Это сказано до такой степени про нас и только про нас, что кажется цитатой не из Чаадаева, а скорее из Оруэлла. Ведь не кто иной, как Оруэлл, в своей антиутопии «1984» изобразил мир, для жителей которого с каждым их шагом вперед прошедший миг исчезает бесследно. А изобразить этот кошмарный, ирреальный мир он мог, лишь отталкиваясь от нашего, поистине уникального исторического опыта. А этот уникальный исторический опыт имеет весьма точное и сравнительно недолгое летосчисление. Он начался всего-то каких-нибудь полсотни лет тому назад, когда, выражаясь высоким слогом, распалась связь времен.
Распалась? Нет, это слово тут, пожалуй, не годится. Она не распалась. Ее обрубали, кромсали, выжигали огнем — эту самую связь.
На словах нас лицемерно уверяли, что сын за отца не отвечает. Но мы прекрасно знали, что при случае мы ответим за все: и за отца, и за двоюродную бабушку, и даже за то, что нам приснилось однажды в каком-нибудь странном и нелепом сне, который и сам Зигмунд Фрейд не исхитрился бы расшифровать.

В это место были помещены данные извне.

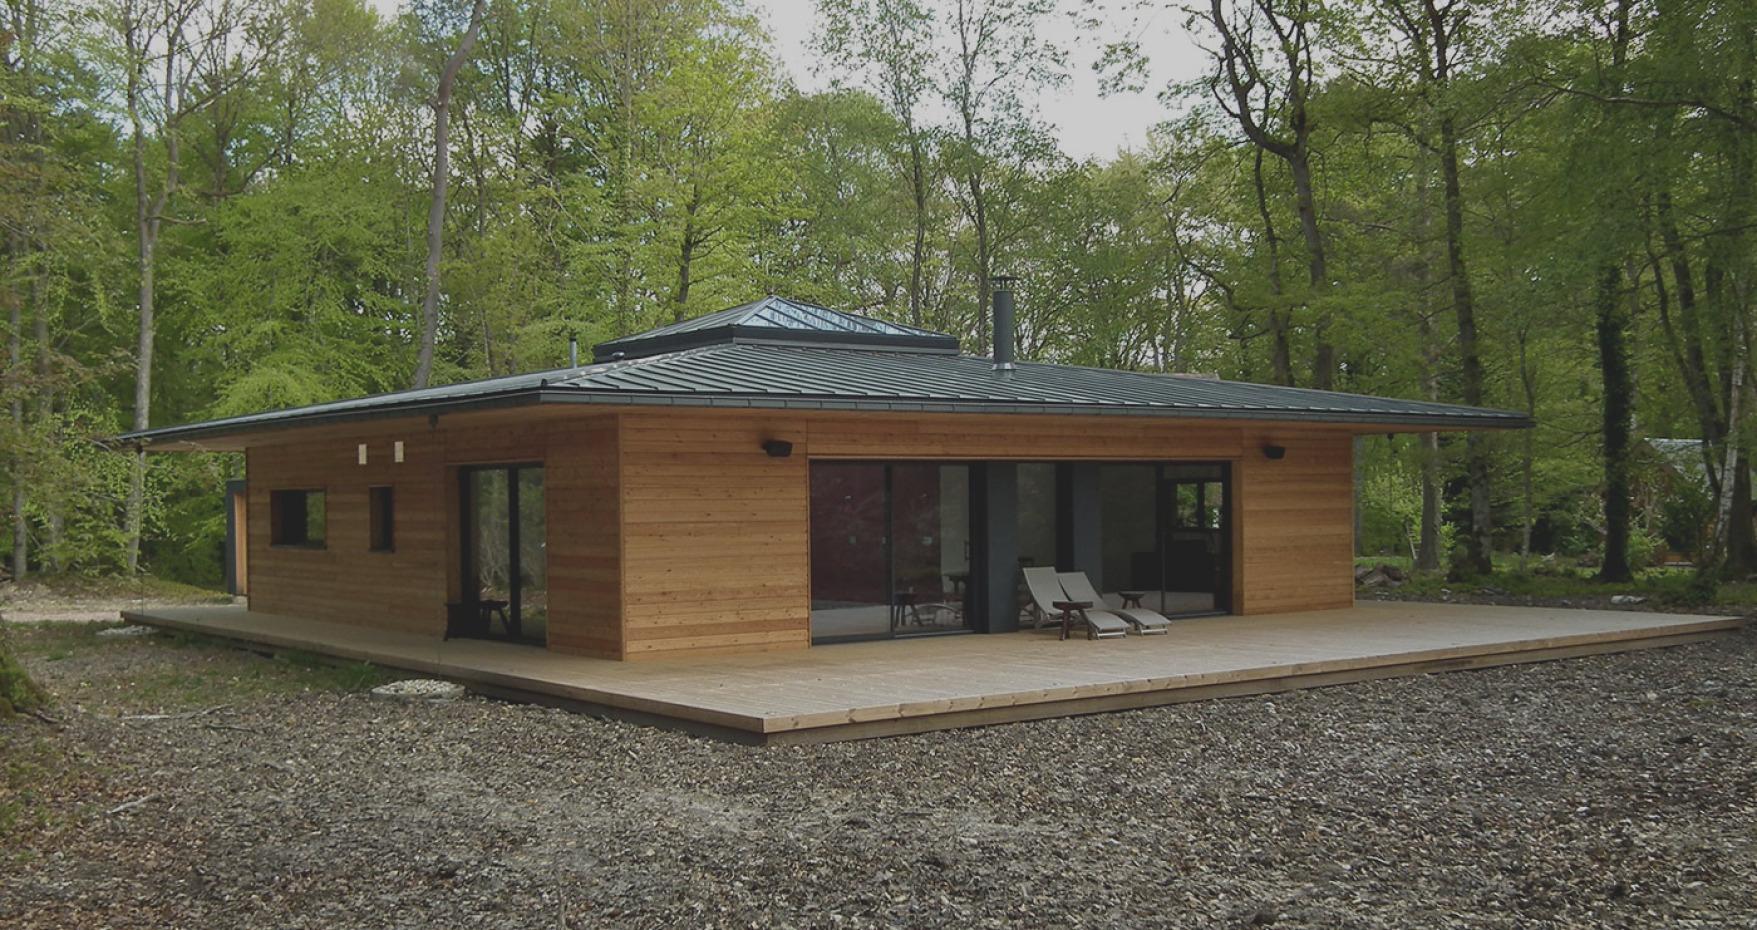 Maison En Bois En Kit 70M2 - Le Meilleur Des Maisons Bois En ... encequiconcerne Bungalow Bois En Kit

А между тем формула «Сын за отца не отвечает» была не только лицемерна. Она отражала и реальность тех исключительных обстоятельств, в которых нам довелось жить. Формула эта выражала некий общественный идеал, состоящий в том, что каждый должен был в любой момент быть готовым отречься от отца, от всех своих связей, от своего собственного прошлого, и лишь тогда, став в каком-то смысле идеальным членом этого удивительного общества, он получит право надеяться на то, что общество, быть может, посмотрит сквозь пальцы на эти разорванные, но все же когда-то ведь существовавшие связи.
Формула «Сын за отца не отвечает» вполне устроила бы нас, если бы с нами играли честно. Если бы декларируемое в ней великодушие было истинным, а не фальшивым. Мы не понимали тогда, что формула эта безнравственна в самом своем существе. Потому что на самом деле сын за отца отвечает. Только нравственный урод, недочеловек, ублюдок может искренне, от души стремиться к тому, чтобы не отвечать за своего отца. Нормальному человеку такое насилие над собой не под силу. Ему мешает память. Память сердца, которая, как известно, сильней печальной памяти рассудка. Ведь таким образом он предает не только отца, но и себя, свое прошлое, свое детство, свои воспоминания.